● **TASK**:
Exactly retype the opening line of the entries and every line after it, ending with the line that contains "MCD.UD, MCT.BA/BB/BC для". Skip all pictures.
━━━━
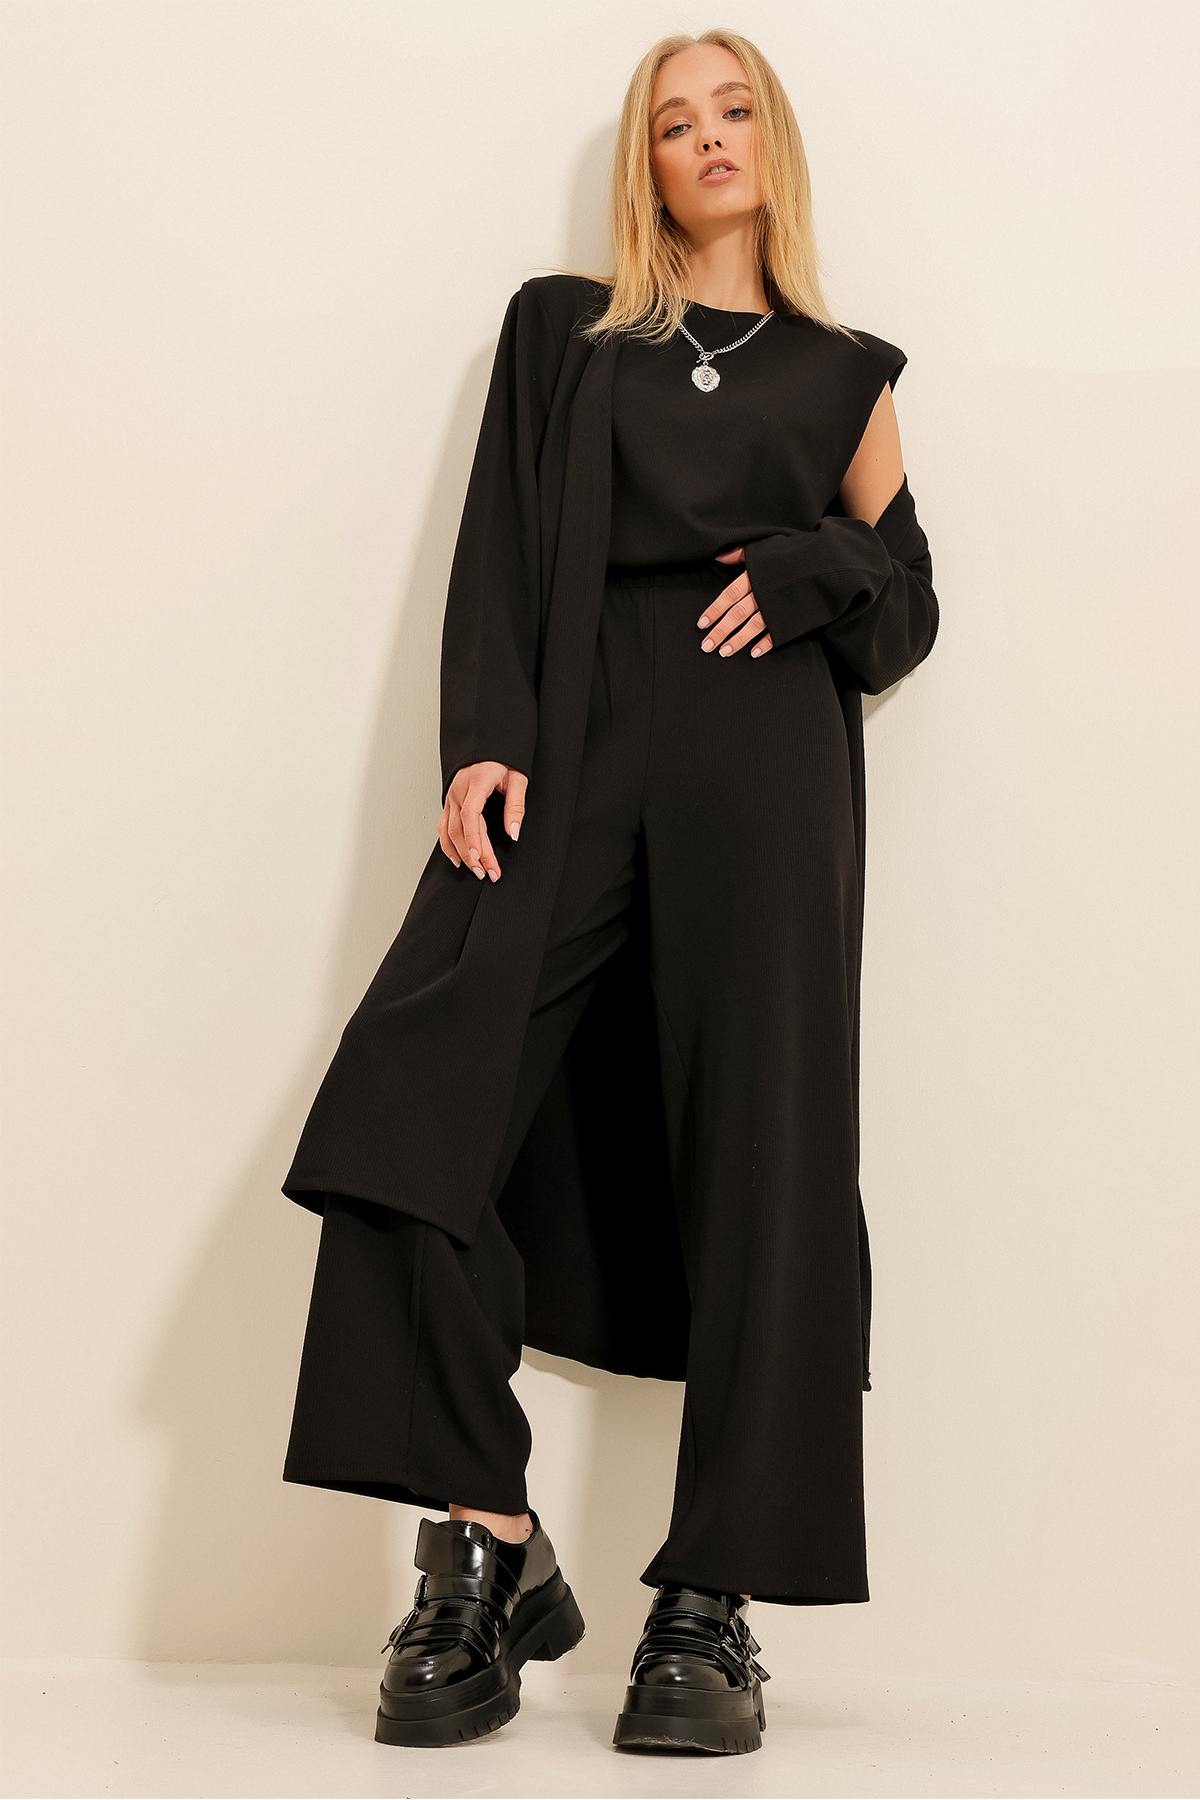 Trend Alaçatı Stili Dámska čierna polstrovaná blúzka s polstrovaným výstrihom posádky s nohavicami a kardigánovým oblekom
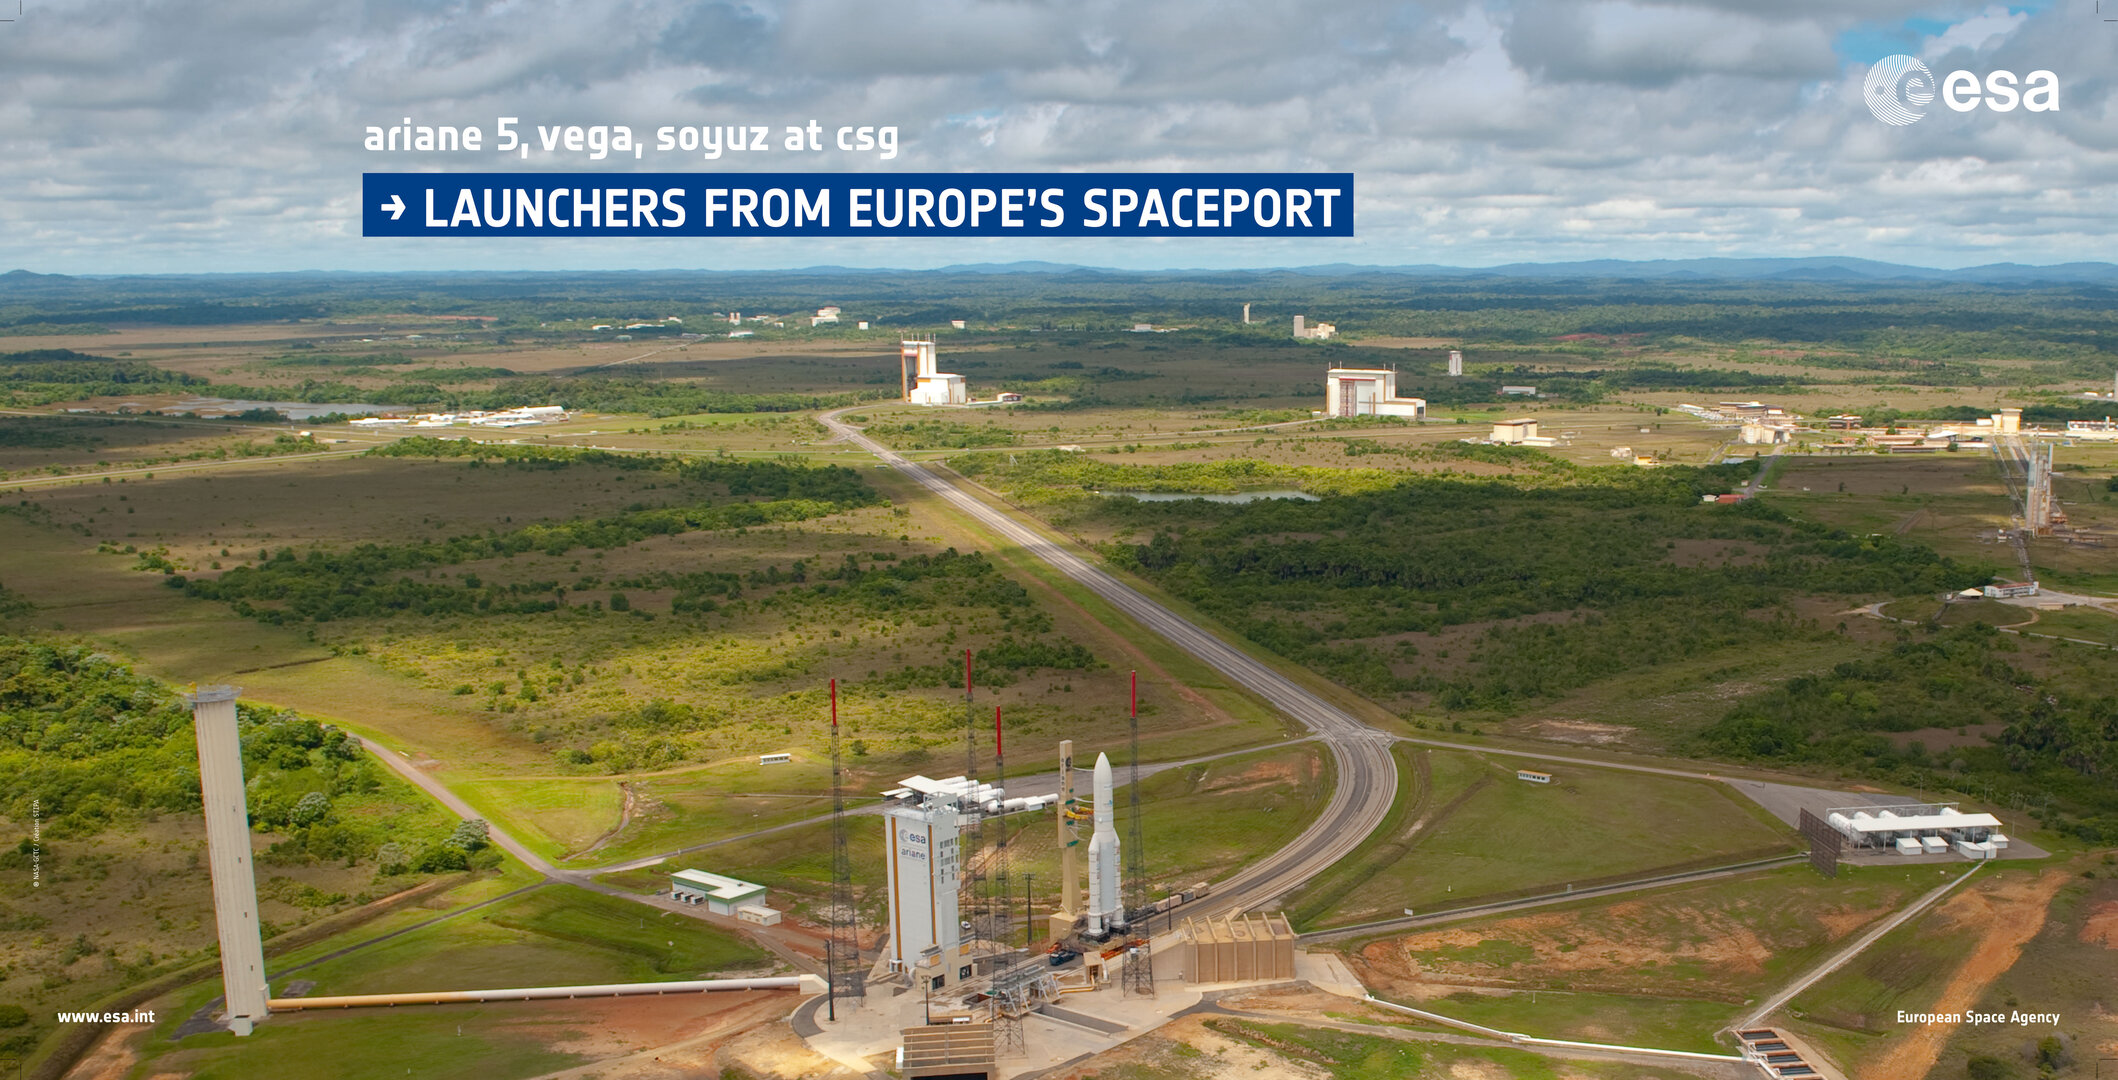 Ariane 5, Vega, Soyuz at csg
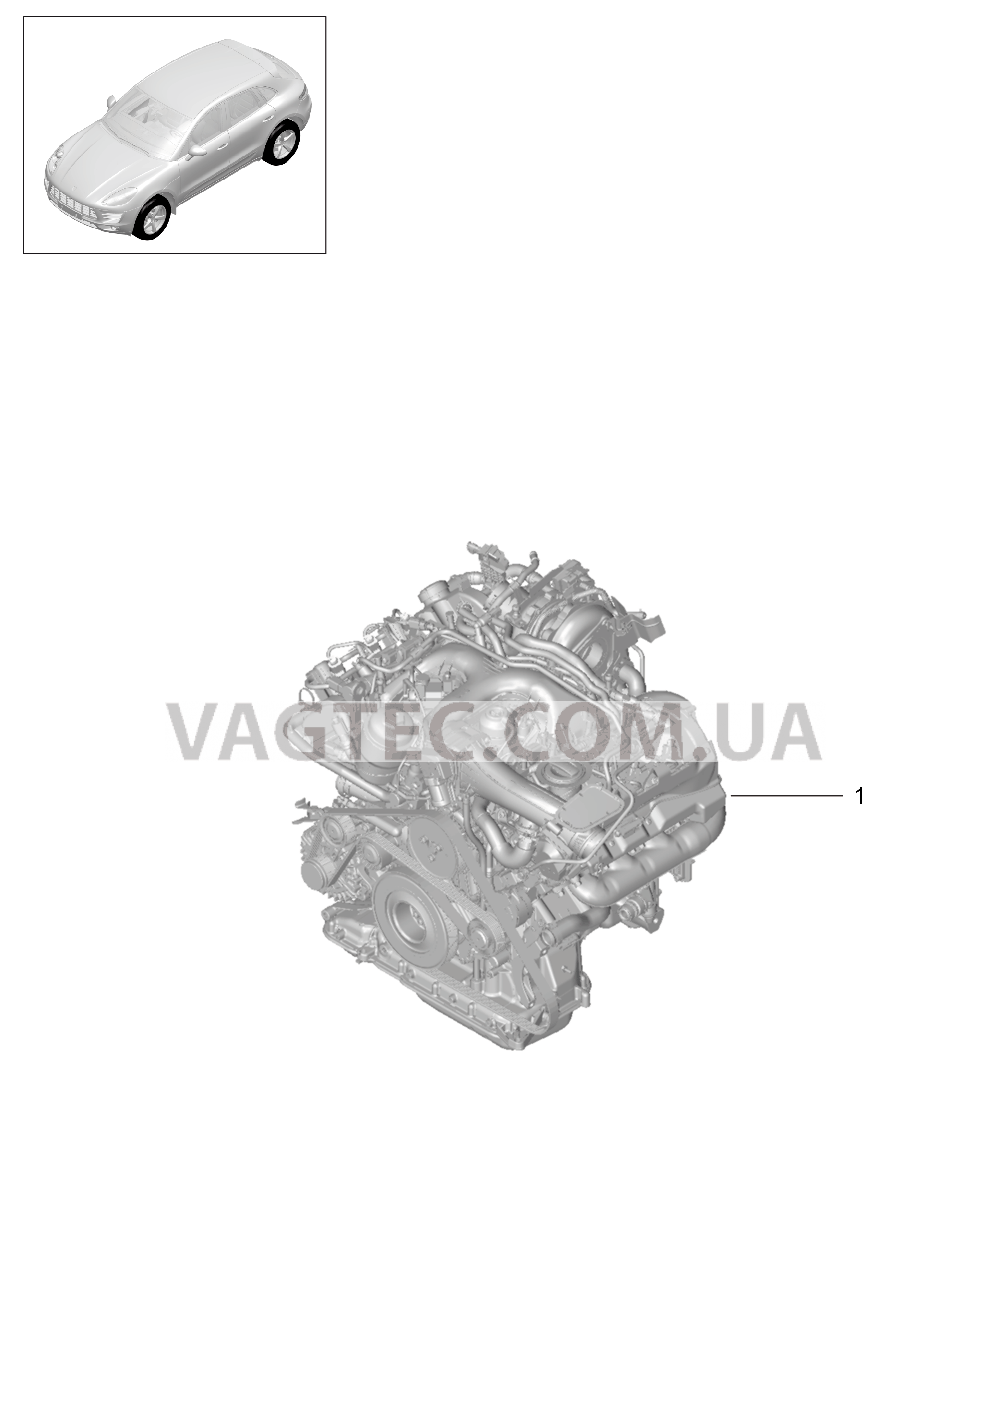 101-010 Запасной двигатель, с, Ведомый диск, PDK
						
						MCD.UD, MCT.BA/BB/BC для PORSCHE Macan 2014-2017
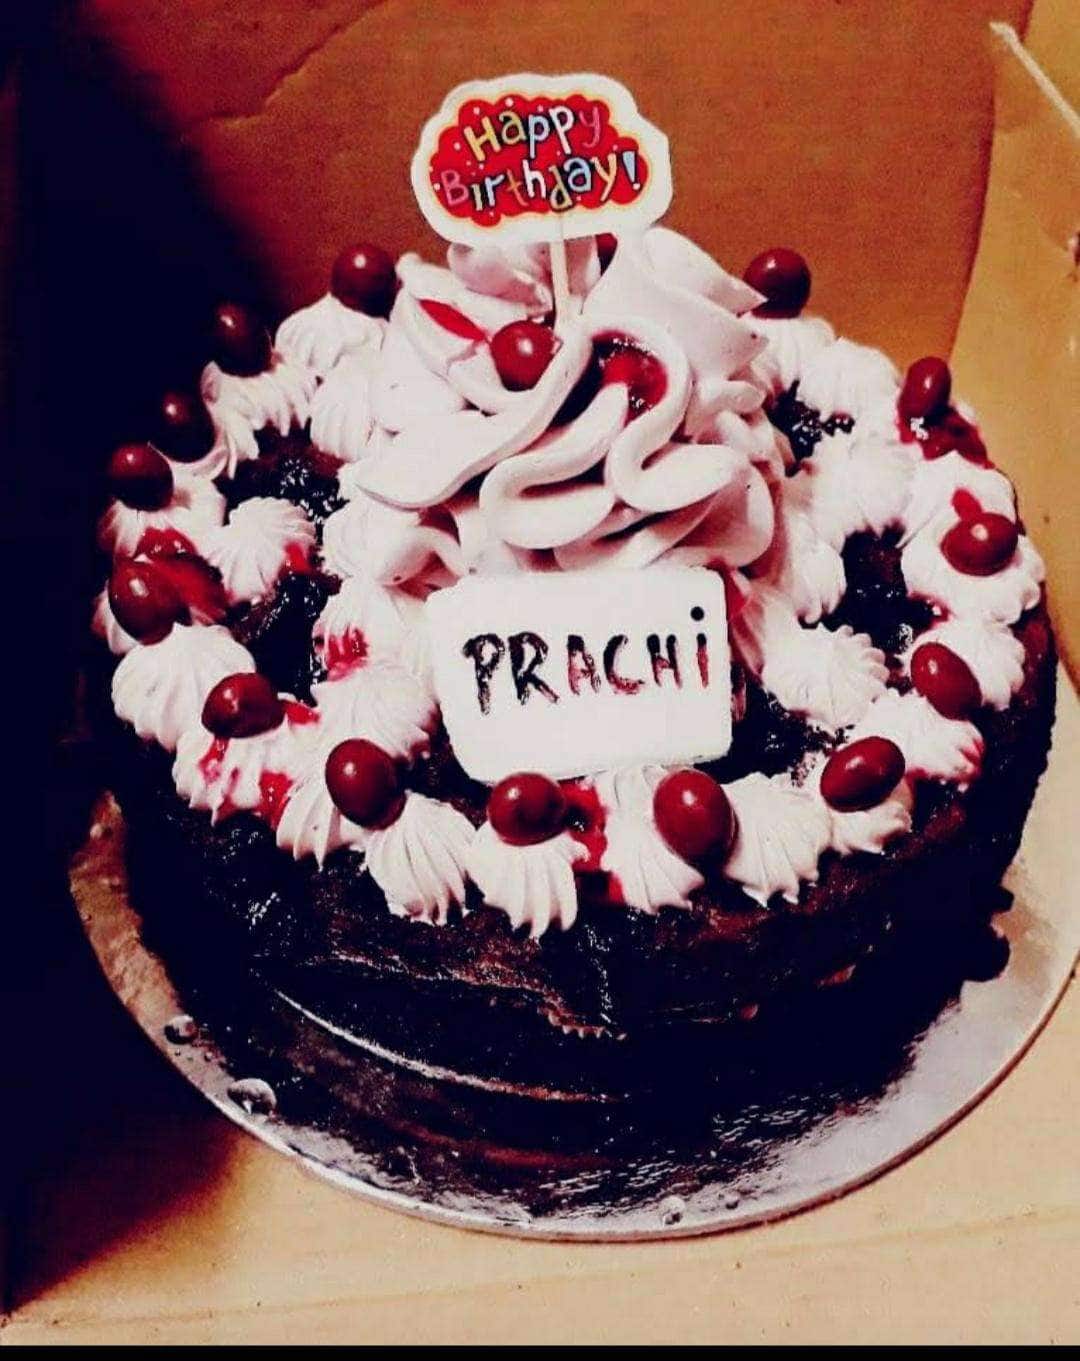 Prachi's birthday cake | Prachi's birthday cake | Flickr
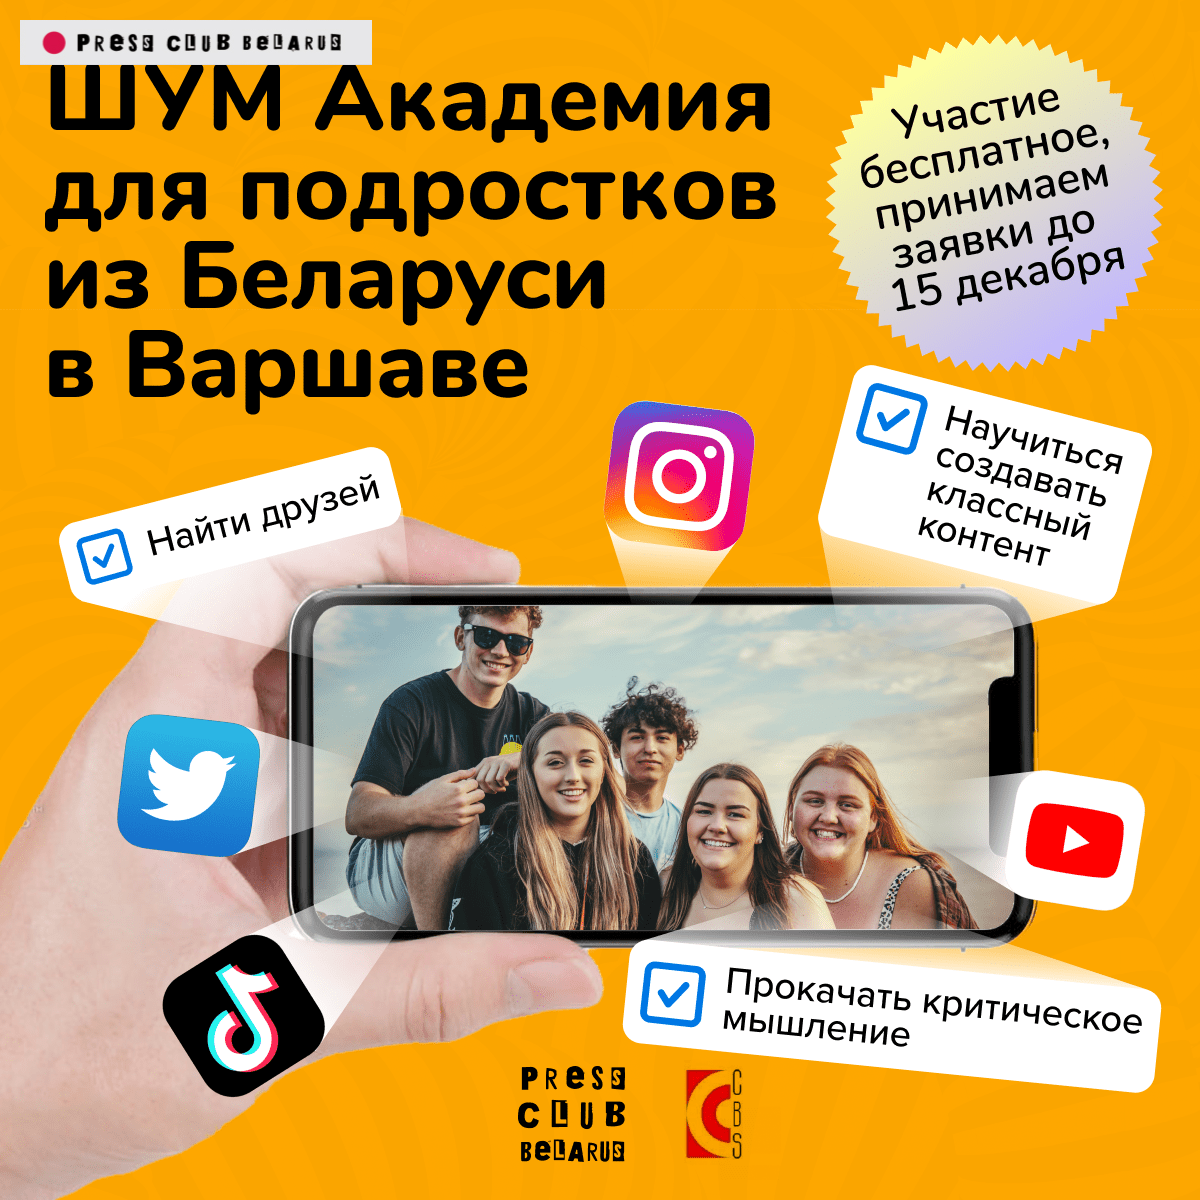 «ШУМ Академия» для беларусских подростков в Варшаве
━━━━
● **WRITTEN RESPONSE**:
 Trend Alaçatı Stili Dámska čierna polstrovaná blúzka s polstrovaným výstrihom posádky s nohavicami a kardigánovým oblekom
 Ariane 5, Vega, Soyuz at csg
 101-010 Запасной двигатель, с, Ведомый диск, PDK
						
						MCD.UD, MCT.BA/BB/BC для PORSCHE Macan 2014-2017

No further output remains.